→ Work to be completed
Skip the pictures. Quote every line below, exactly, from the one with "Oui shirt met goudlurex" through the final line.

→ Stored data
◆ ◆ ◆ ◆

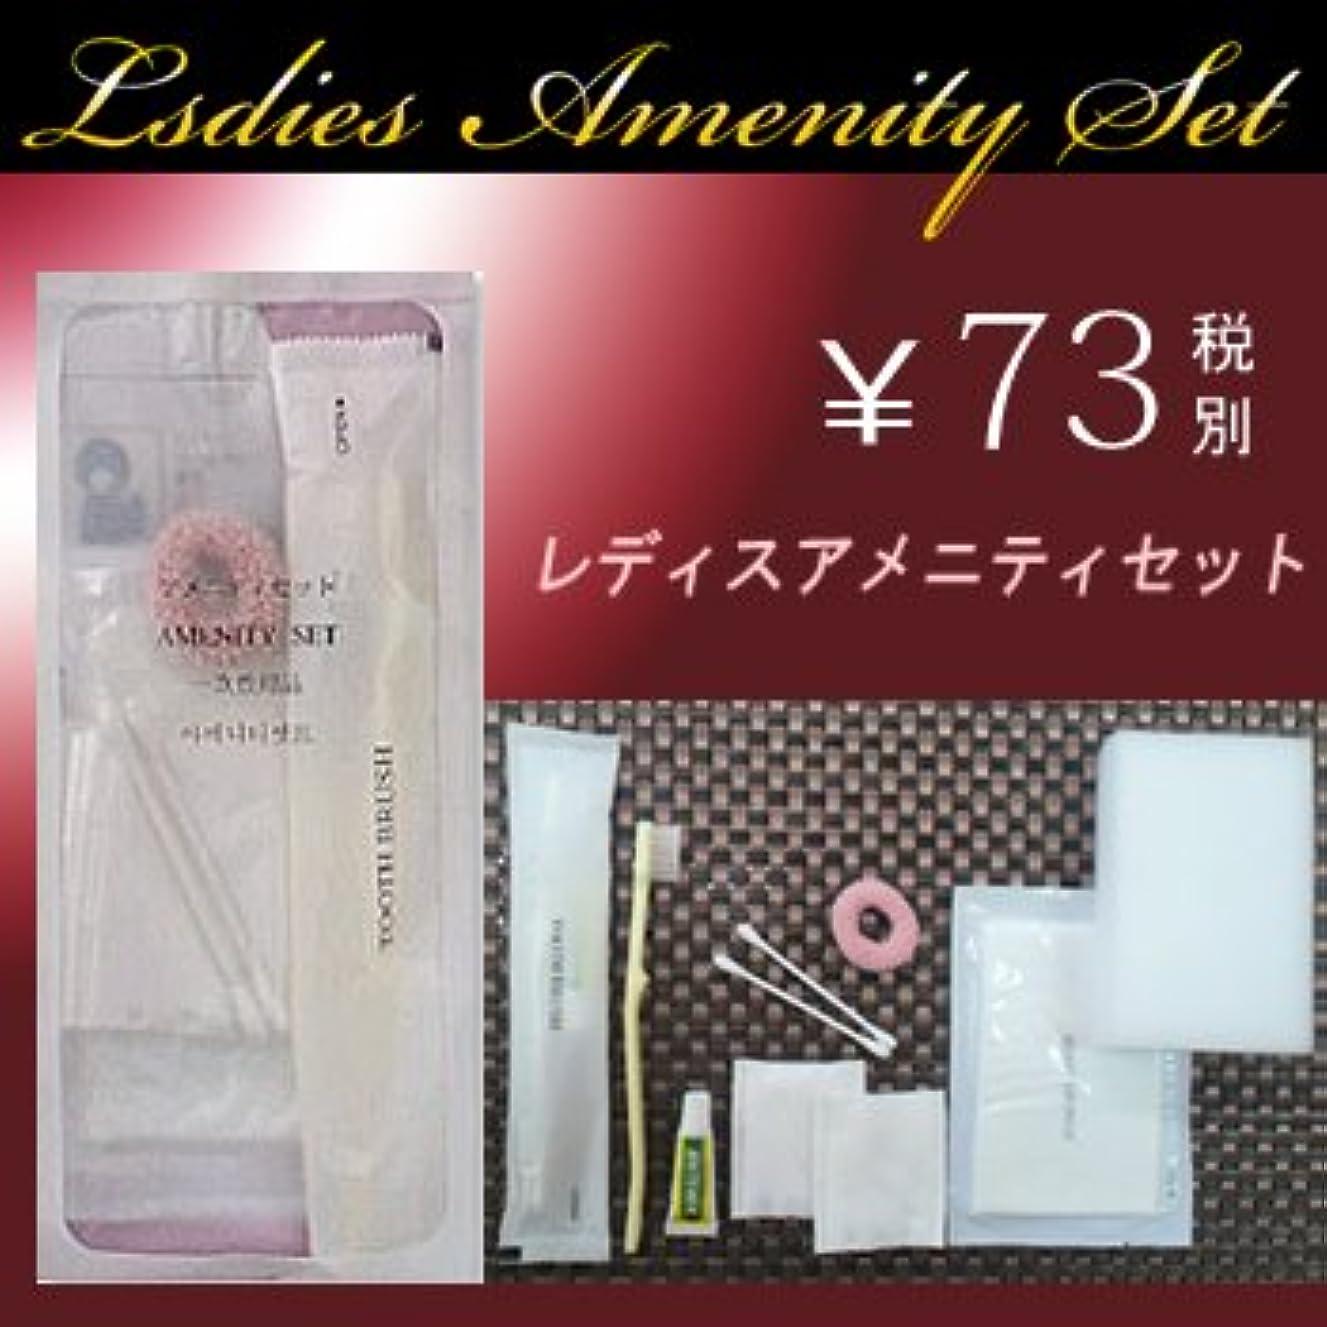 収益記事誰もレディスアメニティフルセット袋入(1セット300個入)
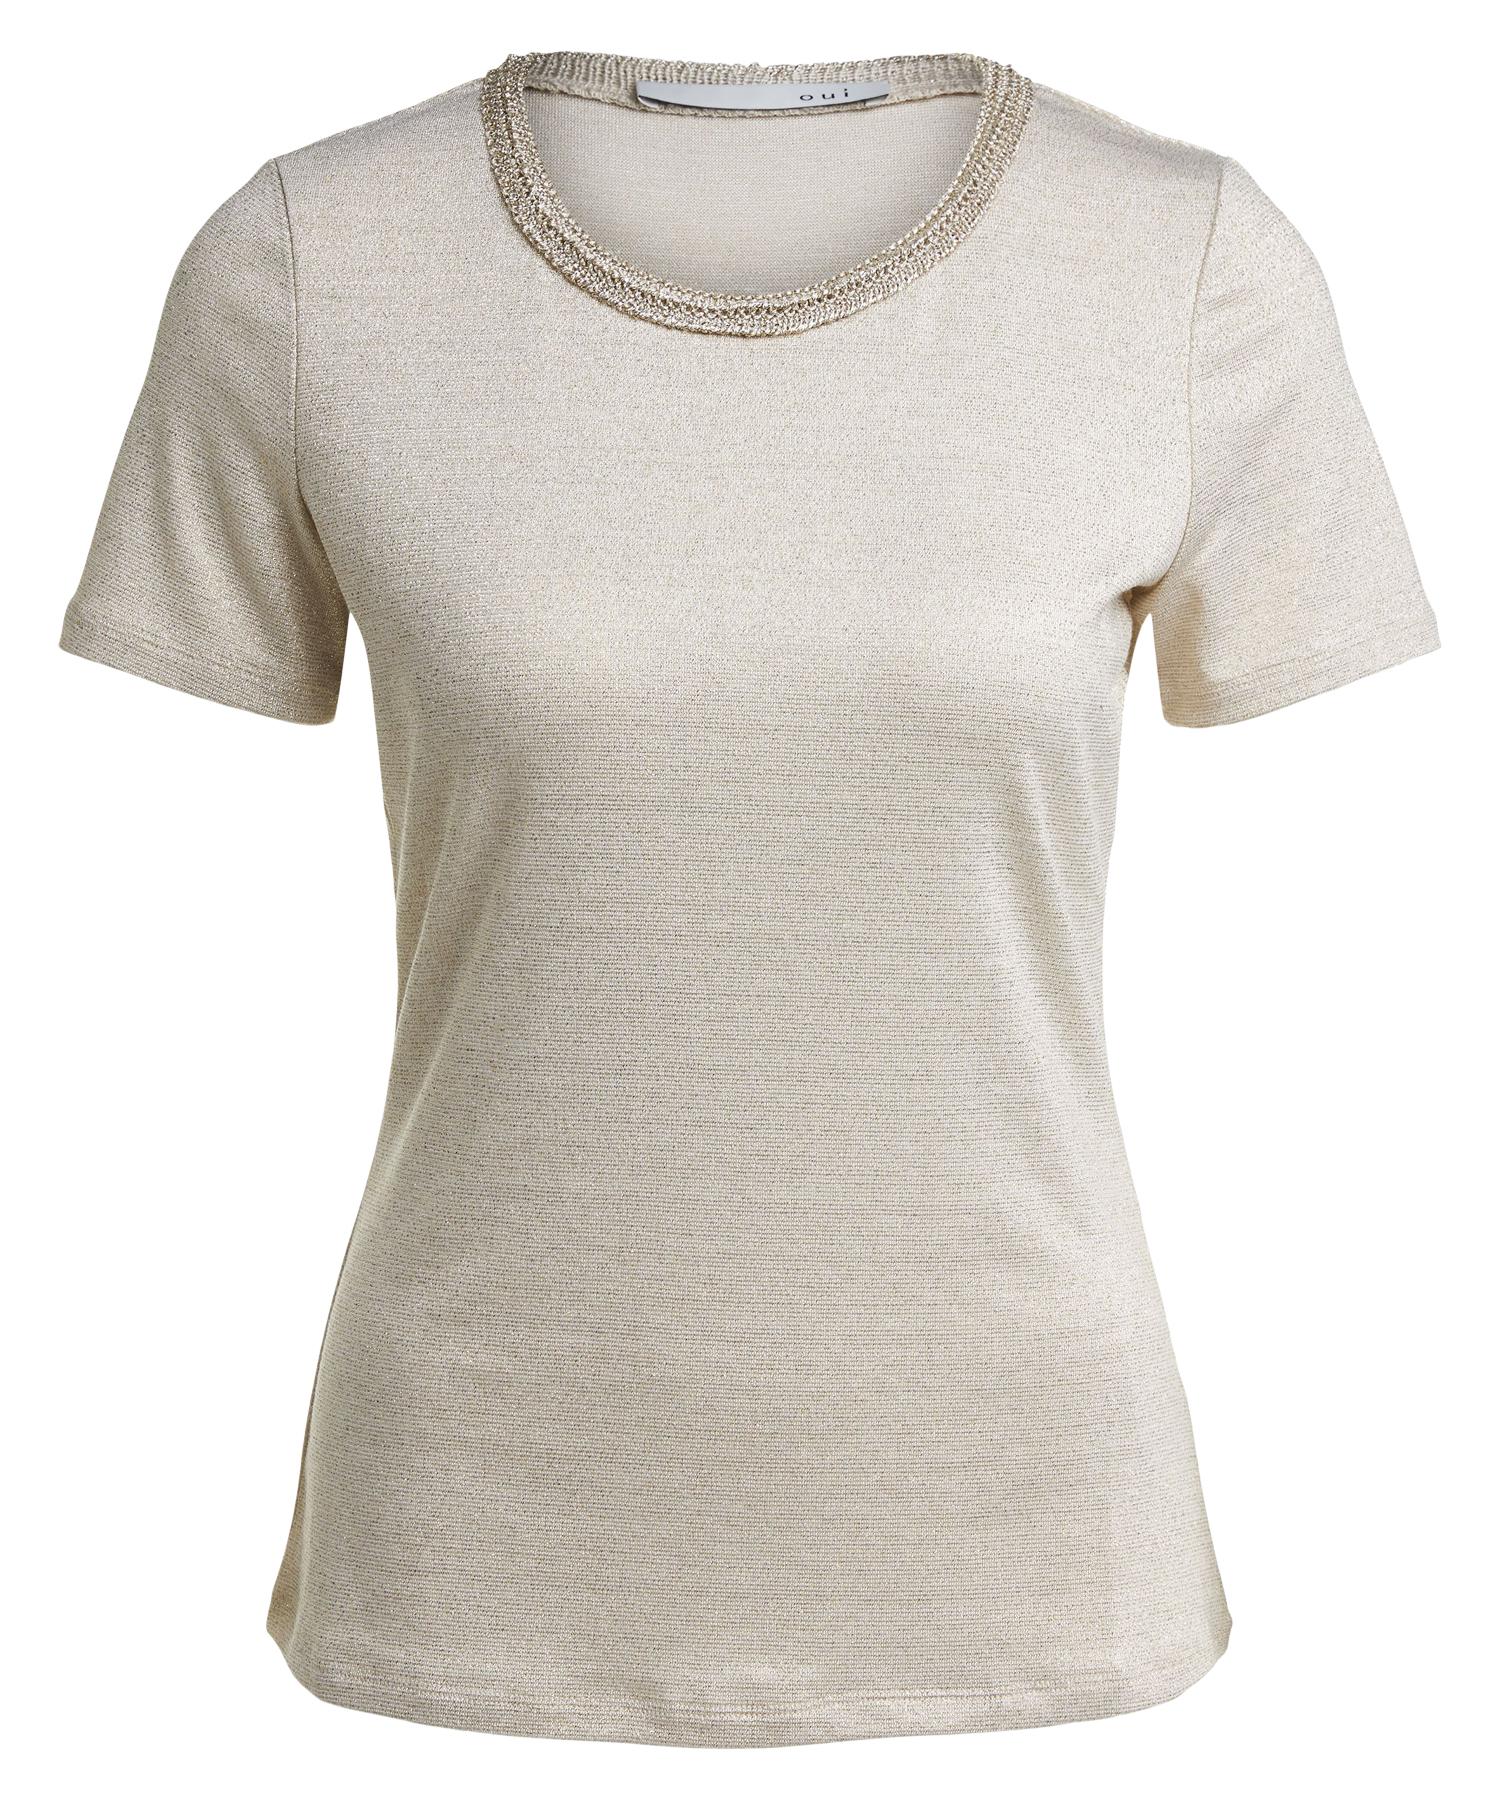 Oui shirt met goudlurex
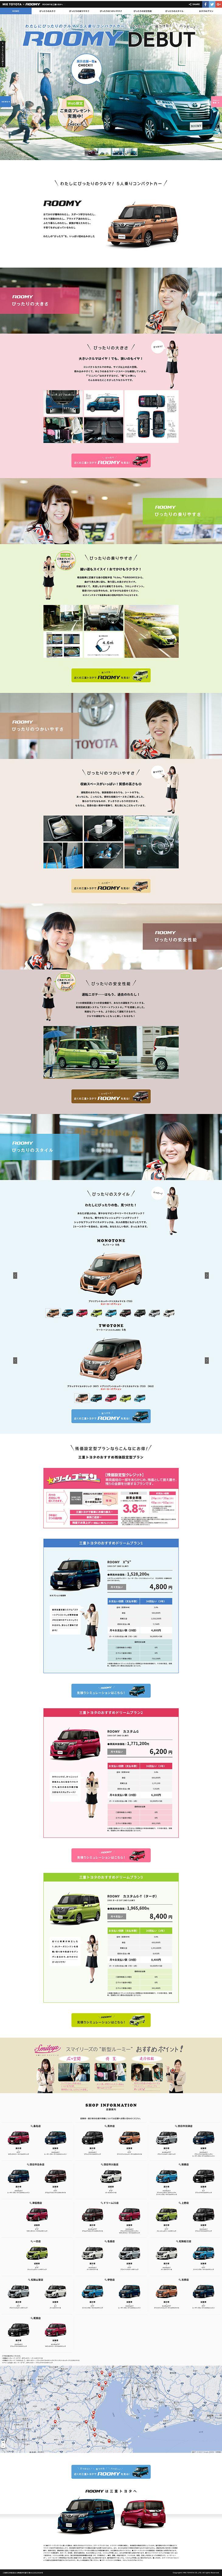 ROOMY【車・バイク関連】のLPデザイン。WEBデザイナーさん必見!ランディングページのデザイン参考に(かわいい系)

◆ ◆ ◆ ◆

→ Answer to the problem
 Oui shirt met goudlurex
 ROOMY【車・バイク関連】のLPデザイン。WEBデザイナーさん必見!ランディングページのデザイン参考に(かわいい系)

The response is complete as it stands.